Just realized that my pipeline is wrong when it comes to erroneous events, they keep on being processed and never removed from the subscription.

Basically I have a simple pipeline which contains a trigger that would pull those events out in a file.

In one of its phases it does process the payload of the message received via PubSub and forwards it to next stages. However, there are cases where this will fail.

        pipeline
        .apply("Read PubSub Events",
            PubsubIO.readMessagesWithAttributes().fromSubscription(options.getSubscription()))
        .apply("Map to MyClass",
            ParDo.of(new PubSubMessageToMyClass())) // Exception thrown in this stage.
        .apply("Apply Timestamps", WithTimestamps.of(new SetTimestampFn()).withAllowedTimestampSkew(new Duration(Long.MAX_VALUE)))
        ...
        );

When the error happens, I keep on seeing the same event over and over again in the pipeline, like it never ends processing.

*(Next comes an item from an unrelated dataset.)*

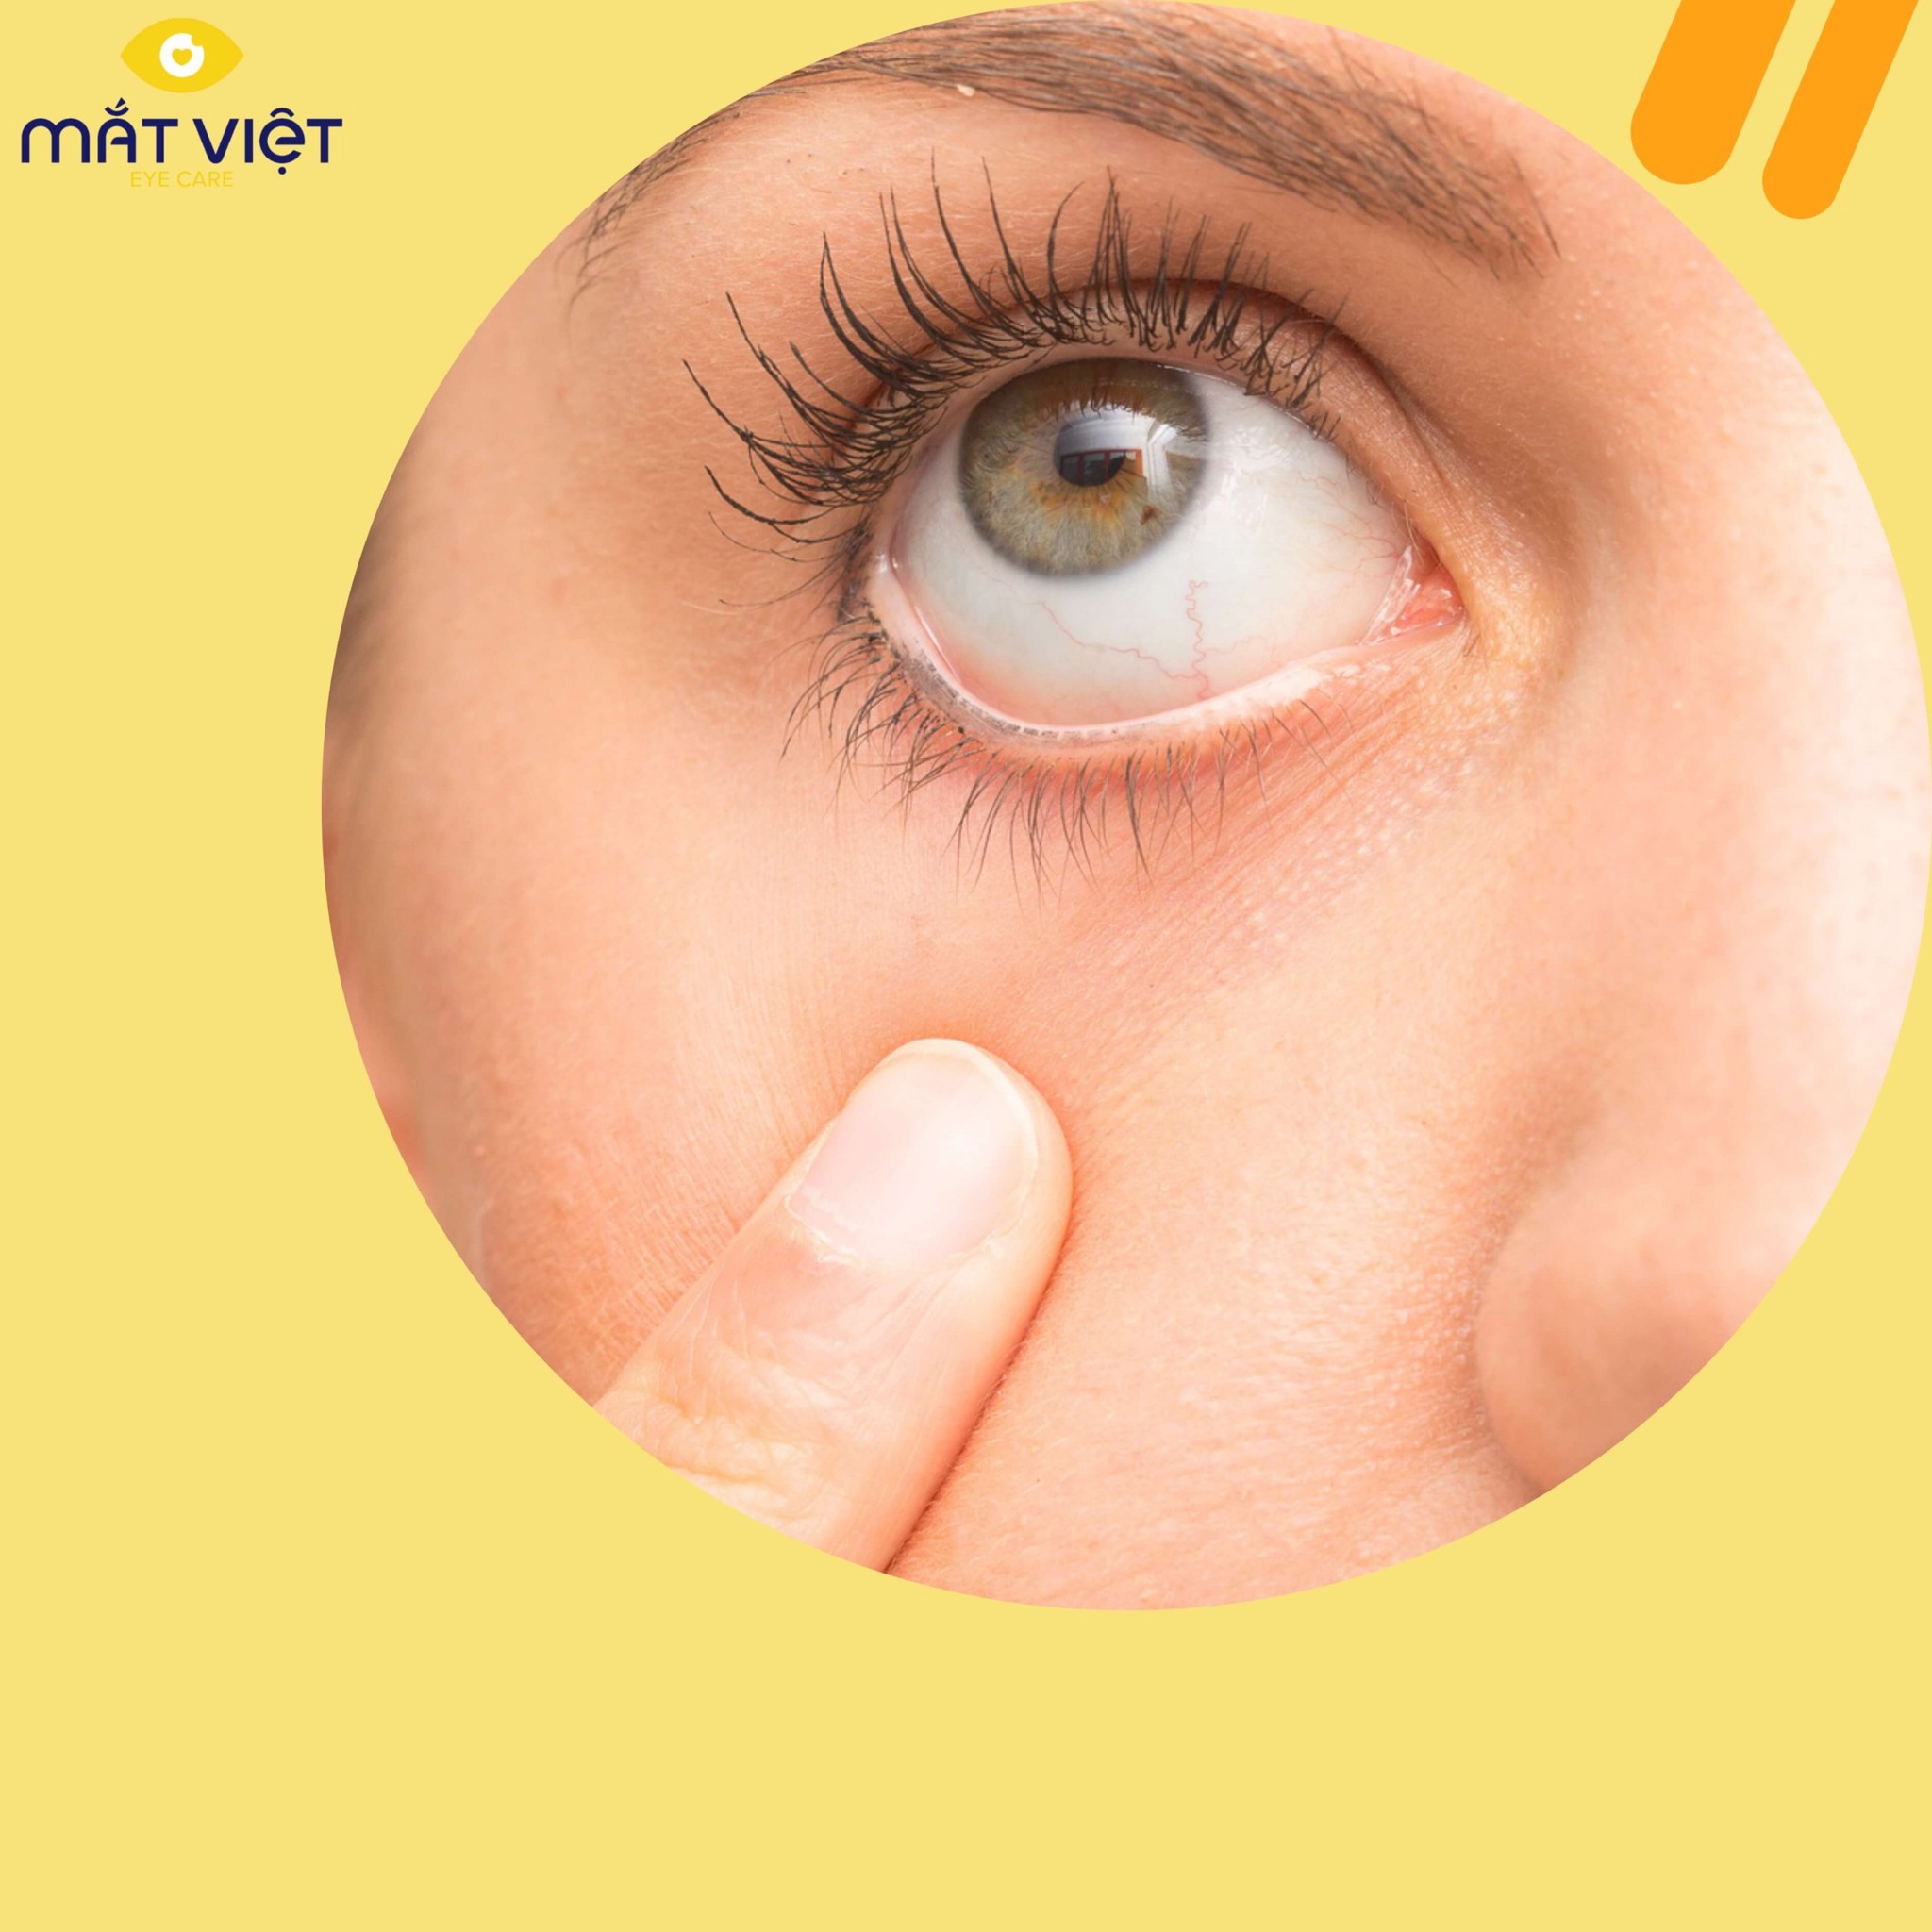 Bệnh khô mắt là gì? Phân biệt khô mắt và dị ứng mắt mùa lạnh

Is there any way to explicitly tell Apache Beam to invalidate a given message and prevent further failed processing?

1

1 Answers

2
votes

Dataflow processes elements in arbitrary bundles, and will retry the complete bundle when an error is thrown for any element in that bundle. When running in batch mode, bundles including a failing item are retried 4 times. The pipeline will fail completely when a single bundle has failed 4 times. When running in streaming mode, a bundle including a failing item will be retried indefinitely, which may cause your pipeline to permanently stall.

Consider guarding against errors in your code by adding exception handlers. For example, if you'd like to drop elements that fail some custom input validation done in a ParDo, use a try/catch block within your ParDo to handle the exception and drop the element.